About this exercise :: Print the data below exactly as it stands, and keep the pictures out.

-- Data listing follows --

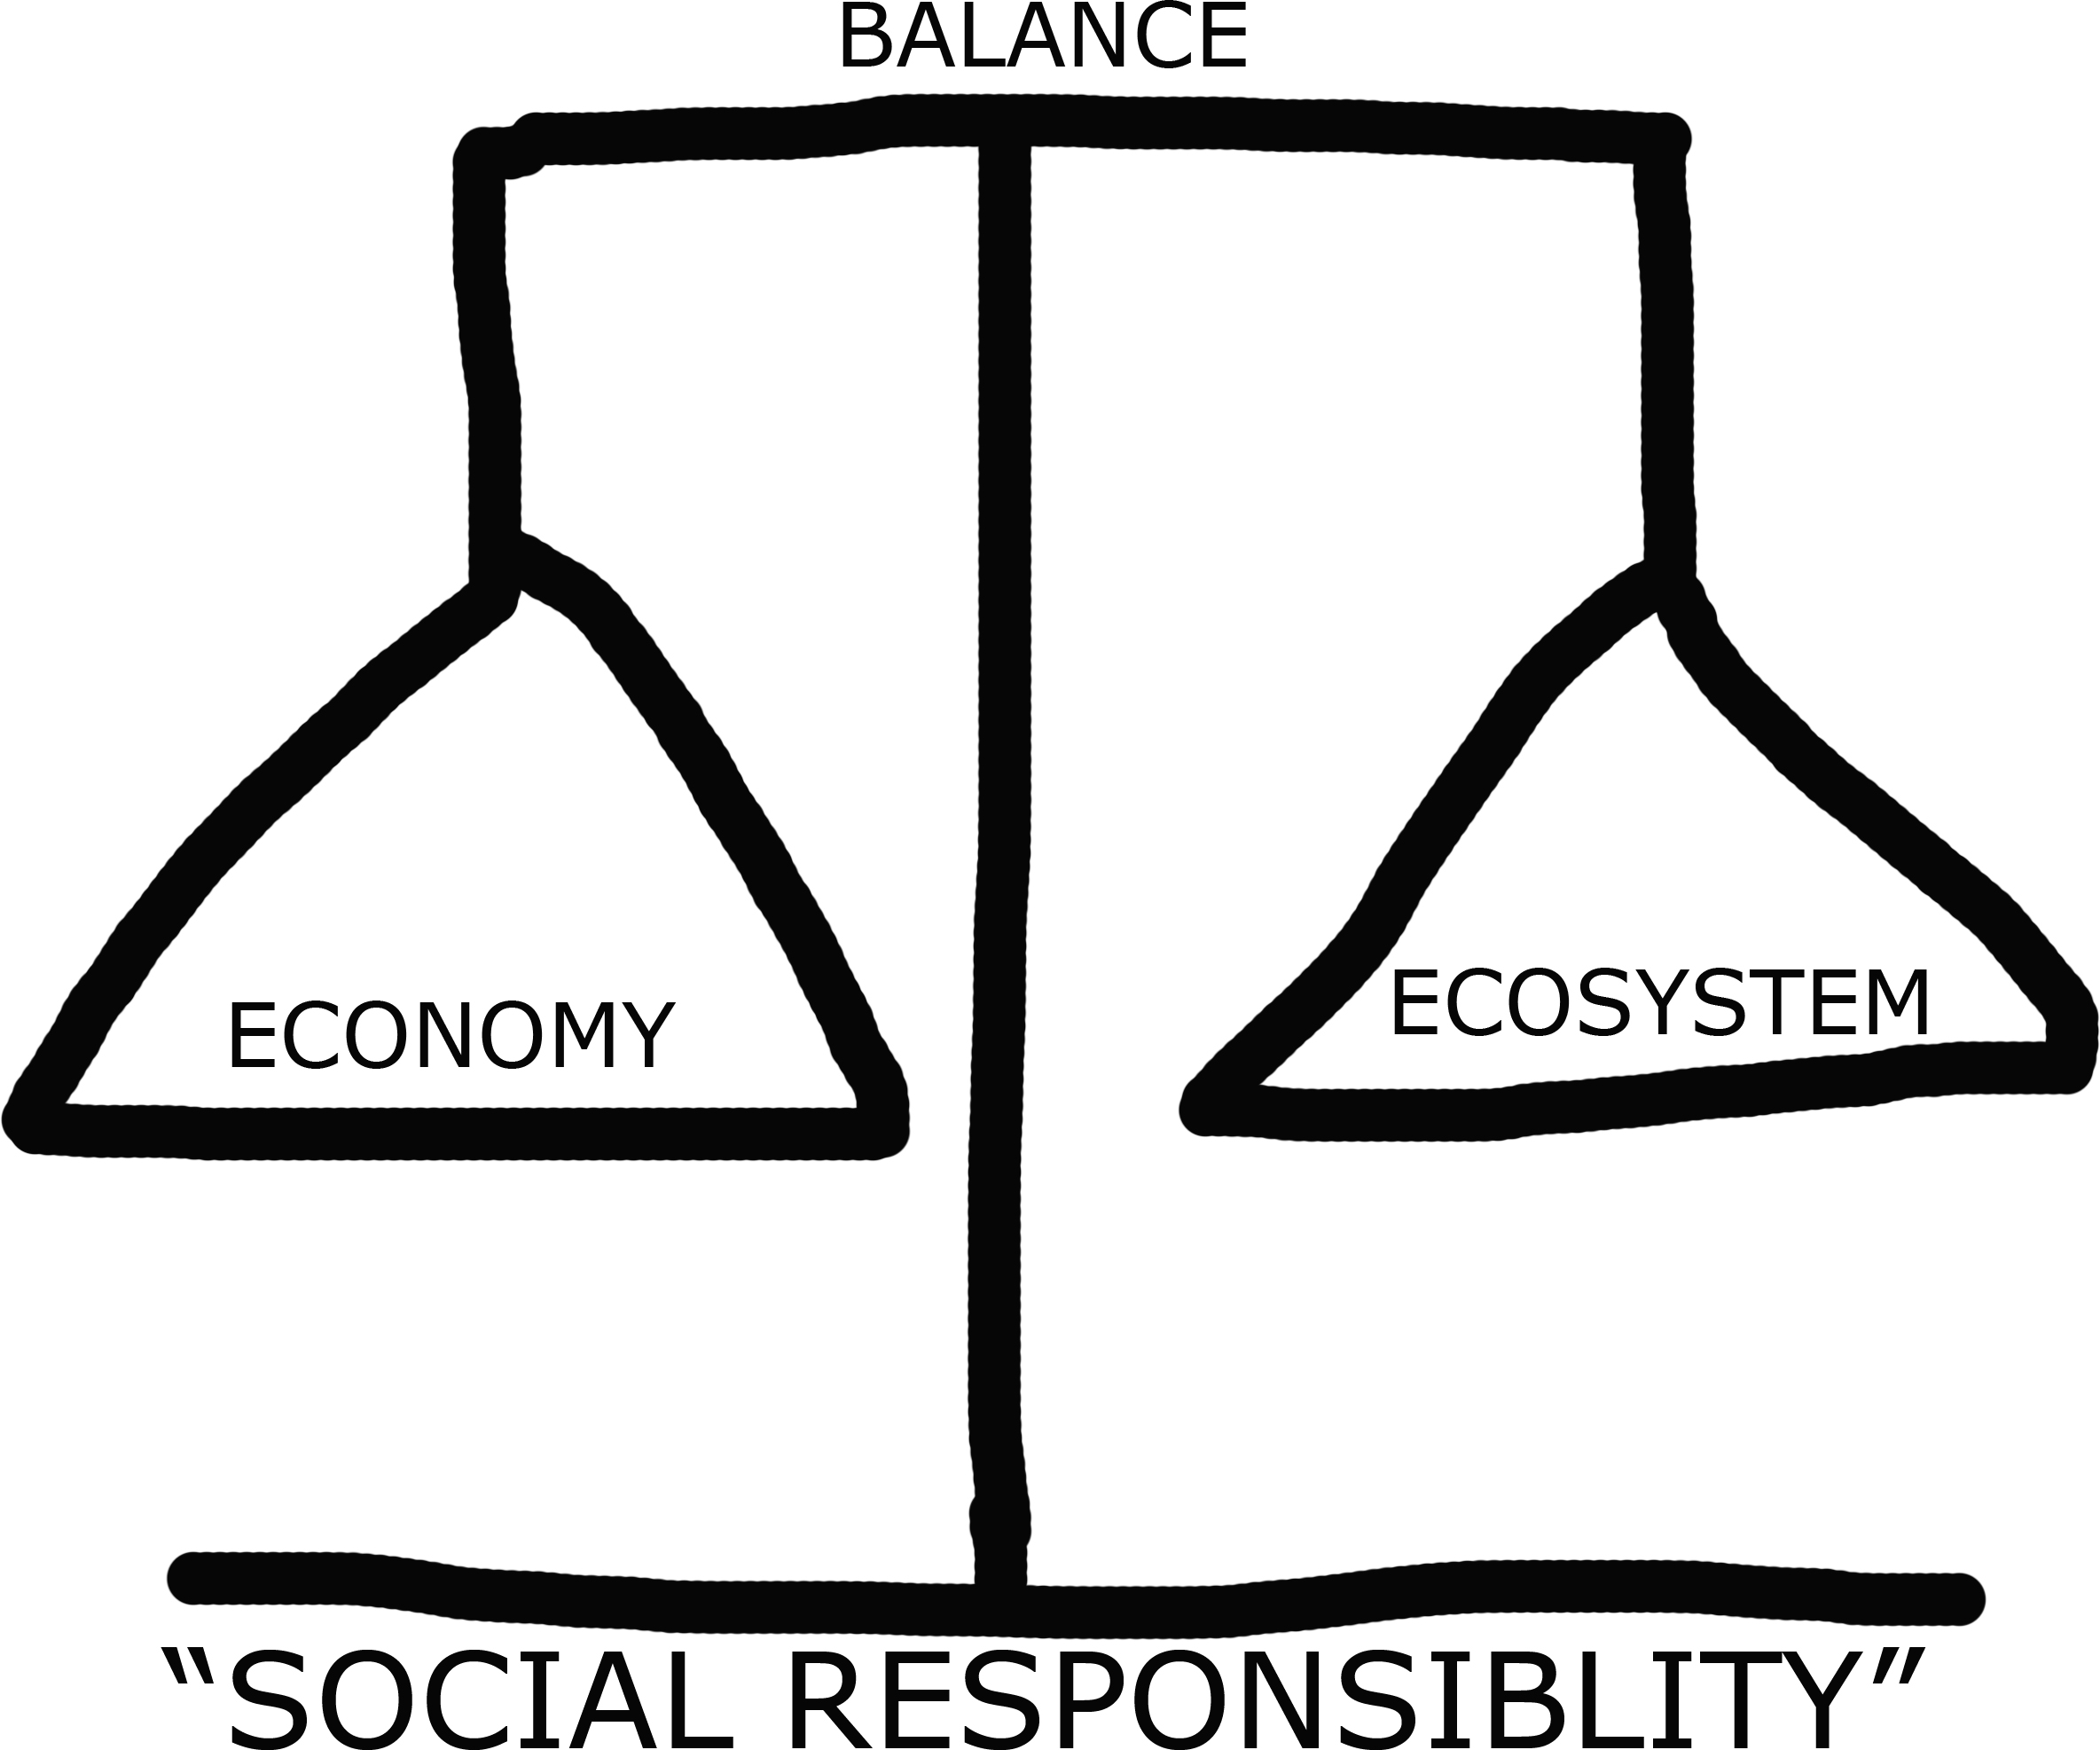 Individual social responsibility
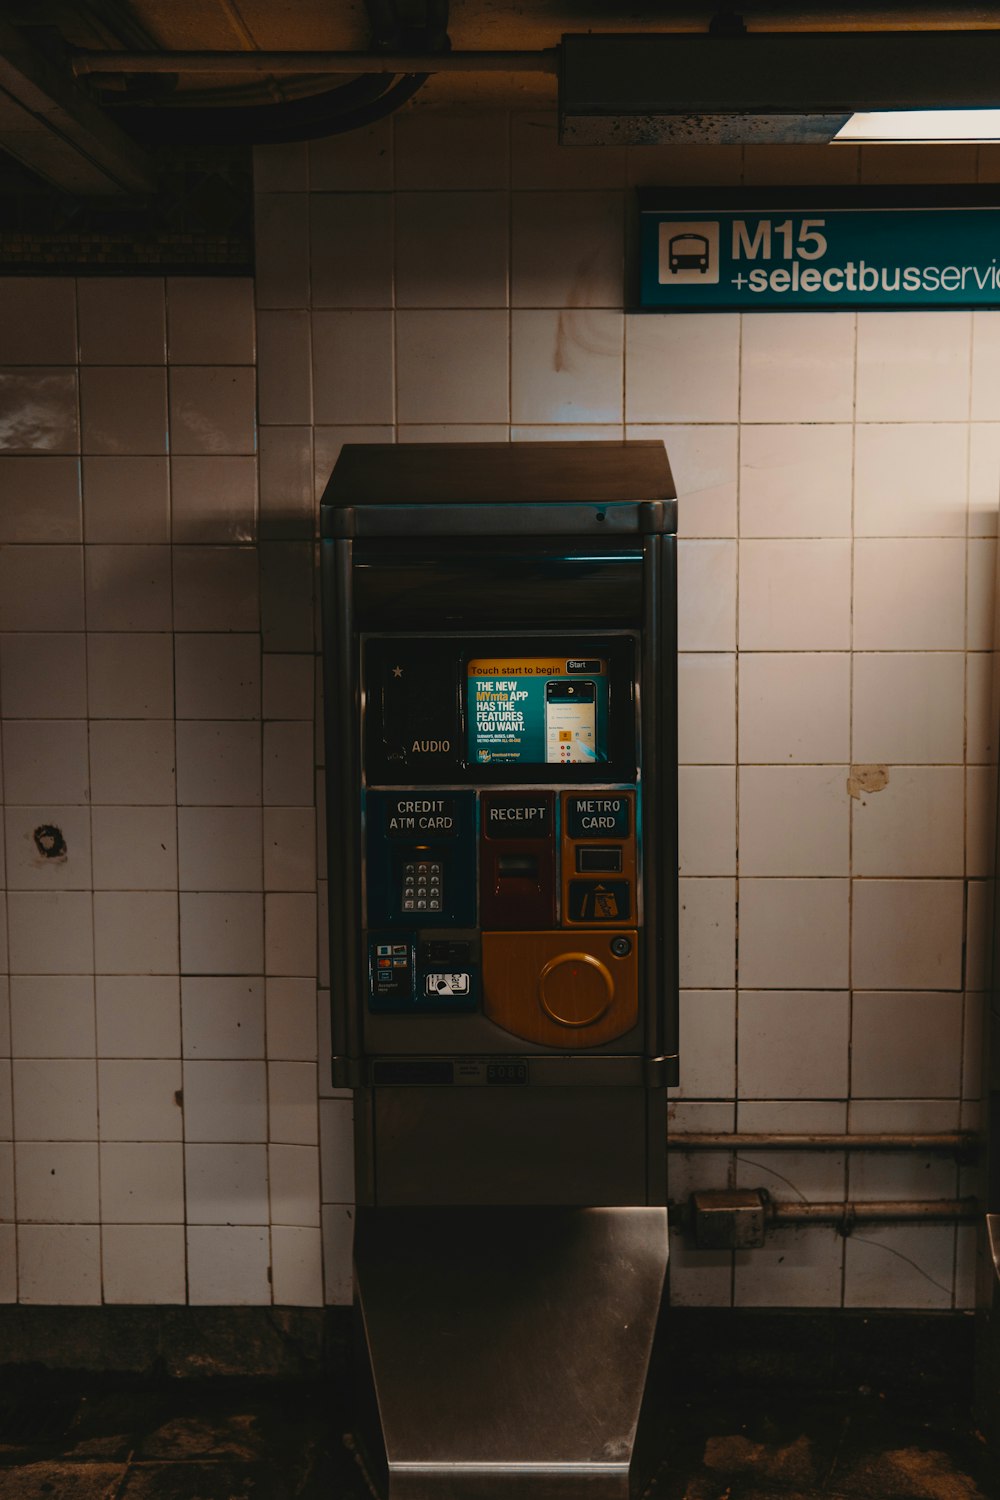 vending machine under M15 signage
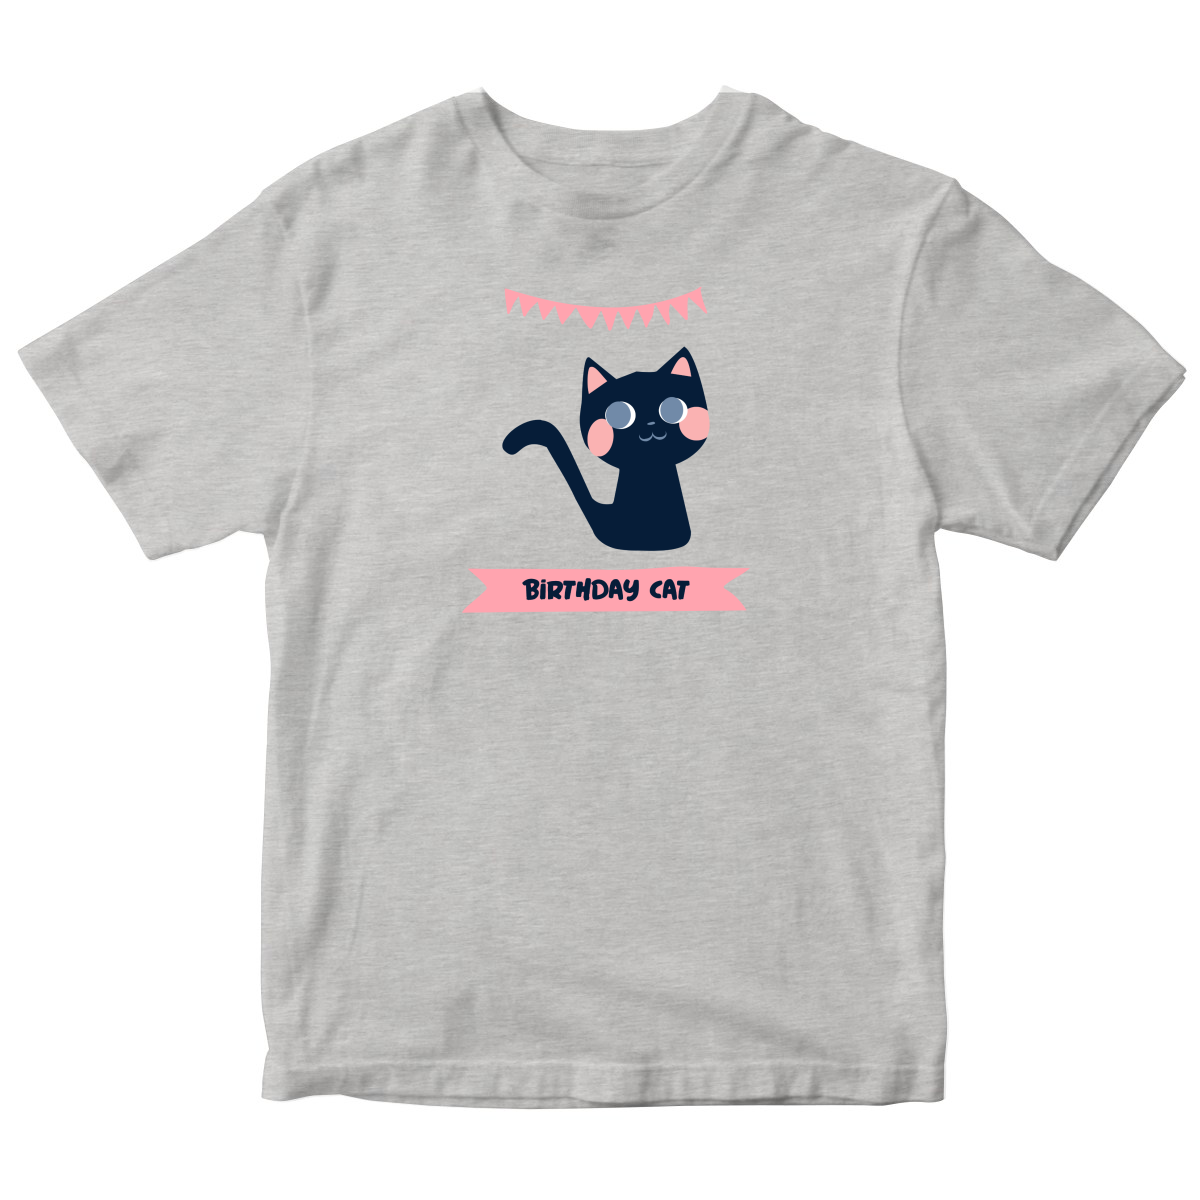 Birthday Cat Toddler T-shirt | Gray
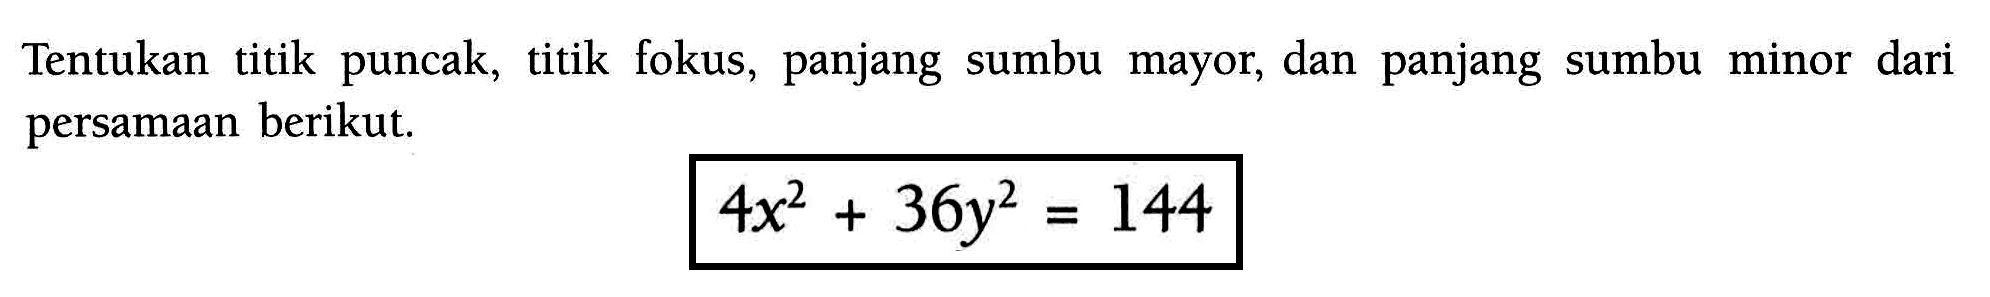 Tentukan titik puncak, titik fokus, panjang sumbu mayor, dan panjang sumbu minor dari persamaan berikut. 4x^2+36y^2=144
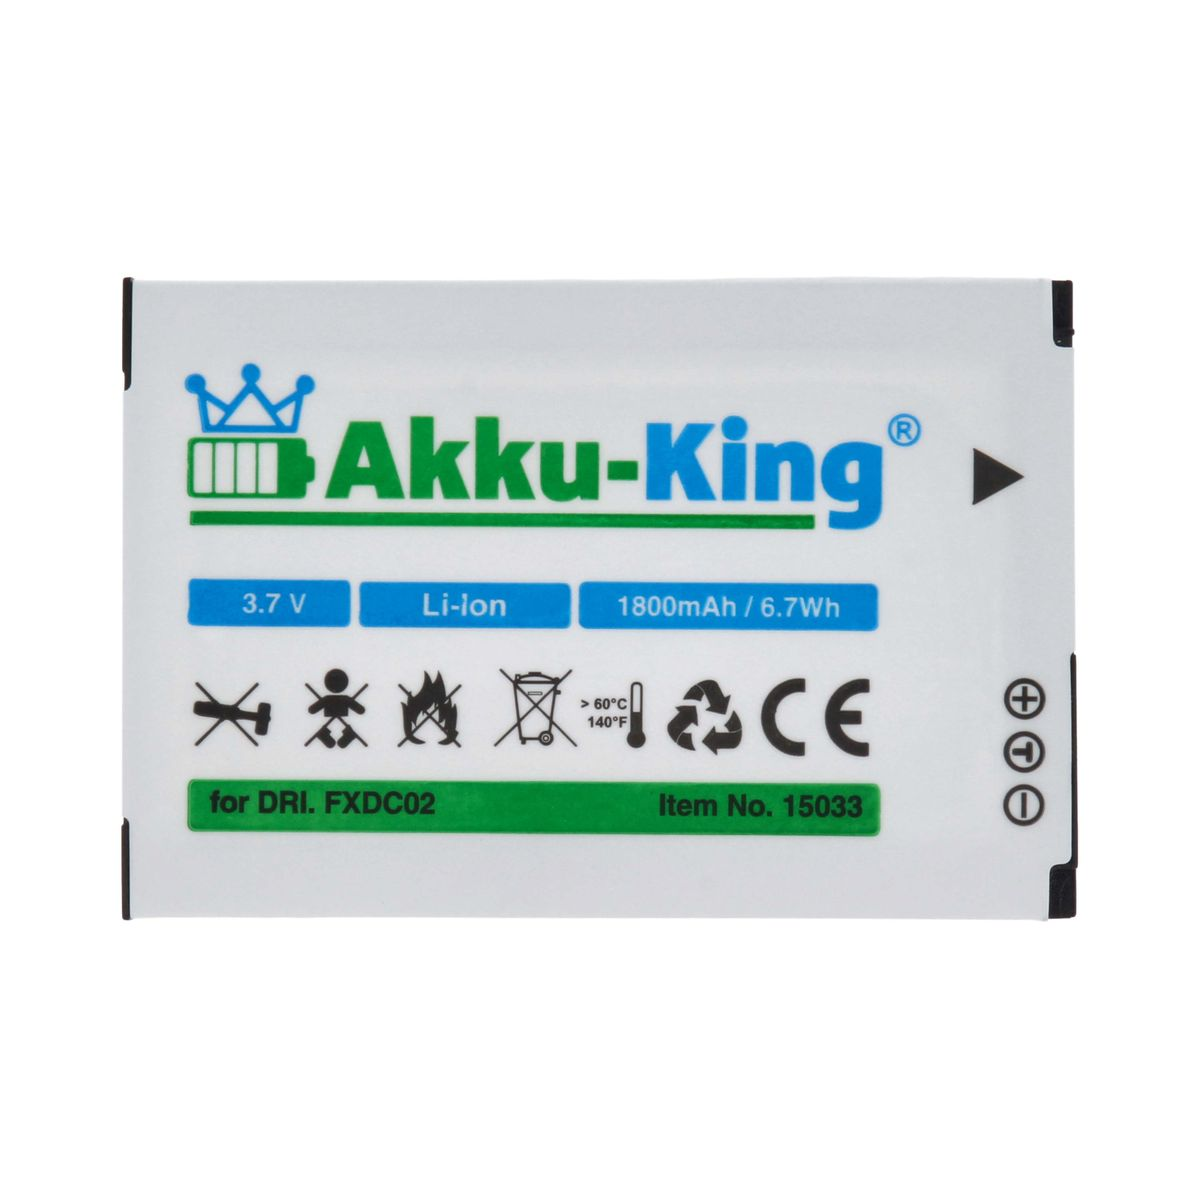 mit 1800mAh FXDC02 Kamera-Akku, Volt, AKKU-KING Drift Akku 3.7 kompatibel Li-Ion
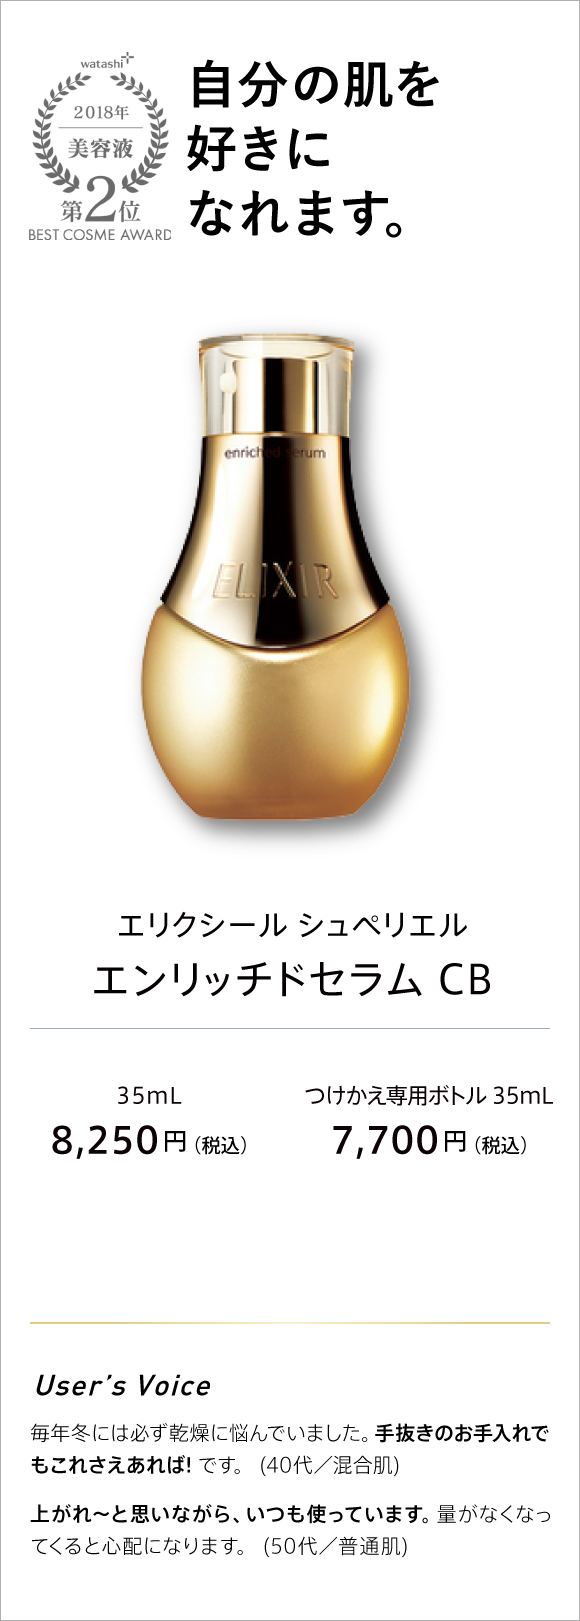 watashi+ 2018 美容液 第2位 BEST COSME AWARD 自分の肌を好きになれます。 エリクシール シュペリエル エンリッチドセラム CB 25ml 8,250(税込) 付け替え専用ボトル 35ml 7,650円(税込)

-- Data listing concluded --

Output of the exercise ::
 Individual social responsibility
 vending machine under M15 signage
 Birthday Cat Toddler T-shirt | Gray
 Tentukan titik puncak, titik fokus, panjang sumbu mayor, dan panjang sumbu minor dari persamaan berikut. 4x^2+36y^2=144
 mit 1800mAh FXDC02 Kamera-Akku, Volt, AKKU-KING Drift Akku 3.7 kompatibel Li-Ion
 watashi+ 2018 美容液 第2位 BEST COSME AWARD 自分の肌を好きになれます。 エリクシール シュペリエル エンリッチドセラム CB 25ml 8,250(税込) 付け替え専用ボトル 35ml 7,650円(税込)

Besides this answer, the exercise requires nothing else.